If you buy artisanal cheese, your ravioli will be a work of art. If you use fresh herbs, you will be able to taste the garden in which they were grown.

Conversely, if you use processed, low fat cheese and old, dried herbs, you can only imagine what I’d say you’ll produce. (This is a G-rated blog, after all...)

The second way – balance – is also key. If your filling is too wet, you run the risk of making the pasta soggy. If it is too dry, you can end up with mealy pillows of sawdust.

There is the flavor balance. For example, too much of an herb can be bitter. The saying is true: less is more.

Another aspect of balance lies in the pairing flavors.
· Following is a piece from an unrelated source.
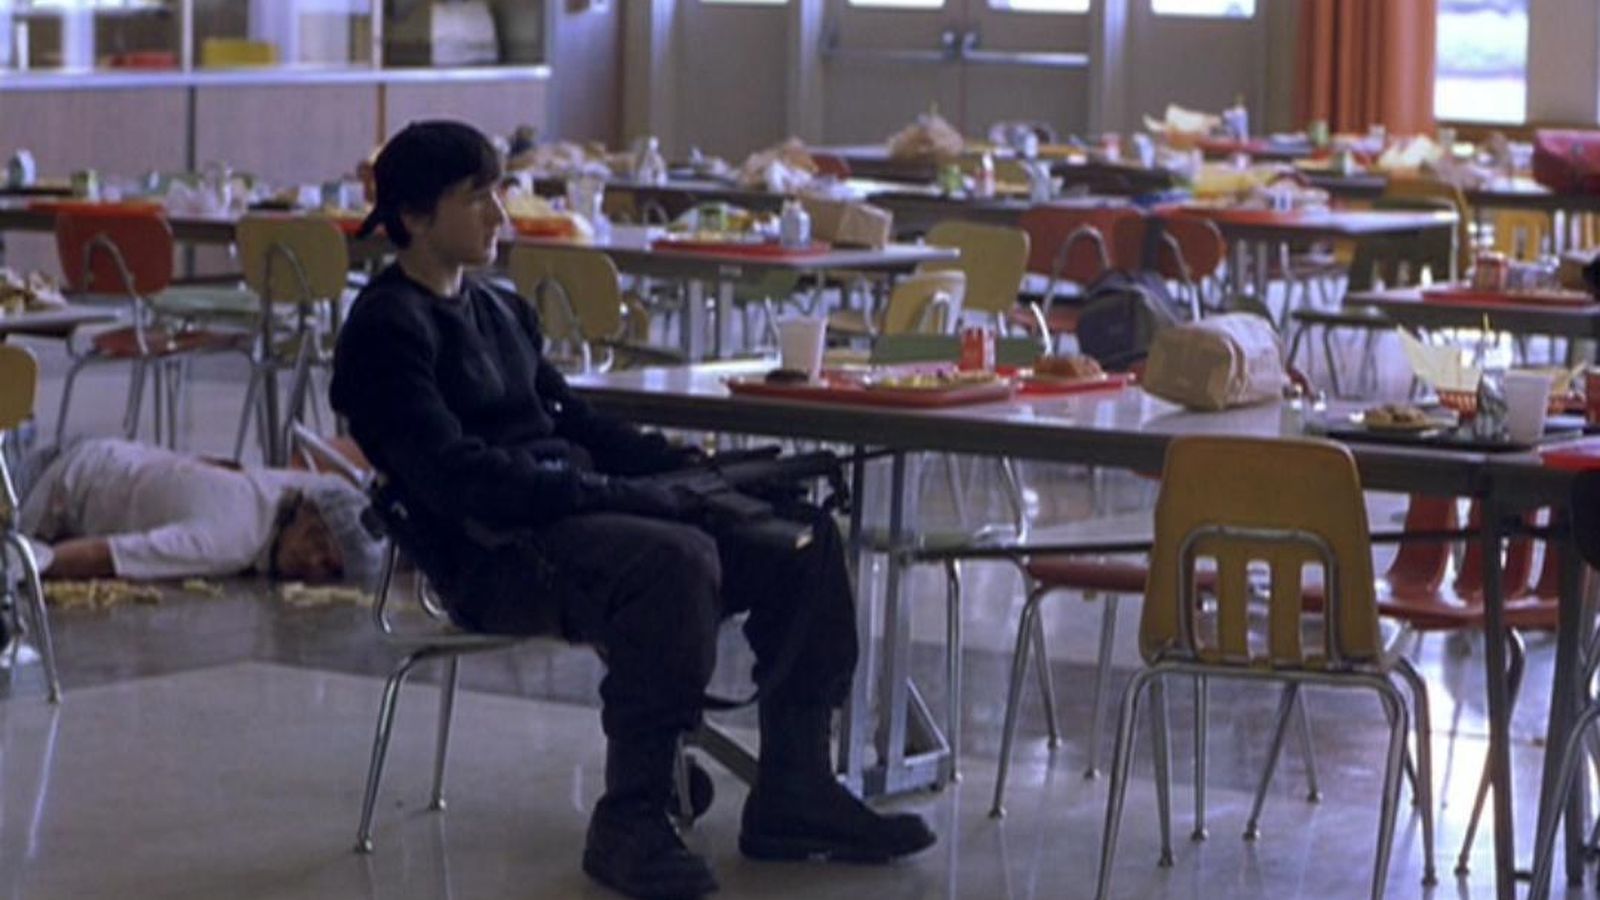 Foto: Escena de 'Elephant', película basada en la matanza en el instituto de Columbine (2003)

Respect the integrity of your ingredients. If your filling is comprised of delicate flavors - fresh cheeses, for example - be gentle with herbs and spices. If robust - perhaps duck confit or wild mushrooms - you can be a little more aggressive with the add ins.

The third way to consider "the filling makes the ravioli" pertains to the quantity of filling you use. I have seen recipes that call for a heaping tablespoon of filling, which is fine if your ravioli are the size of a twifler. (A twifler is a small plate: think hors d'œuvre or salad or desert plate. That is a total Markipedia reference.)

For a 2 1/2-inch to 3-inch raviolo, you need only a rounded teaspoon of filling. I know you want more in there, but you will only regret it when all your hard work breaks into smithereens when it hits the boiling water. Again, less is more. In fact, that applies to boiling too; don’t. Cook at a rapid simmer not a full boil!

Today's recipe follows all my rules. I used locally-made goat ricotta from Fiore diCapra (one of our local goat cheese artisans), a little fresh marjoram from our garden, and the zest of an organic lemon. I used Parmigiano Reggiano that wasn't local, but I used the best I could buy. And when I stuffed them, I used a rounded teaspoon of filling, and not a single one broke.

And, you know what? The ravioli were perfect. If I do say so myself.

~ David

Ravioli Caprese

3/4 cup flour
1 egg, lightly beaten
1 teaspoon olive oil
pinch salt
1 cup fresh goat ricotta
1 tablespoon chopped fresh marjoram, plus extra
finely grated zest of a lemon
a couple of grates of fresh nutmeg
salt & freshly ground black pepper
3 tablespoons butter, melted and kept warm

Place flour on a board and make a well. Add egg, oil, and salt; using a fork, whisk the egg and incorporate flour until it begins to come together. Continue mixing and kneading by hand until you have a smooth and satiny dough. Let rest for 20 minutes under a damp cloth.

Mix the cheese, marjoram, zest, and nutmeg together and season with salt and pepper. Roll dough to the next-to-thinnest setting (No. 6 on an Atlas machine). Cut out 2 1/2-inch circles - you will need 28. Place a slightly rounded teaspoon of the cheese mixture on half the pasta pieces. Moisten the edges with water using a brush or the tip of your finger, top with the other pieces of pasta and seal as tightly as possible all the way around with dry fingers, pressing out any air bubbles. Let the filled ravioli sit for 10 minutes under a damp towel Bring a large pot of salted water to a rapid simmer (not a full boil). Gently slide the ravioli into the simmering water one at a time. Cook for 2 minutes and, using a slotted spoon, drain and place on the serving platter. Drizzle with the melted butter and stir gently to coat. Sprinkle lightly with additional chopped fresh marjoram leaves.


Serves 2.



32 comments:

  1. They look scrumptious and you make it sound so simple. (I know it isn't.)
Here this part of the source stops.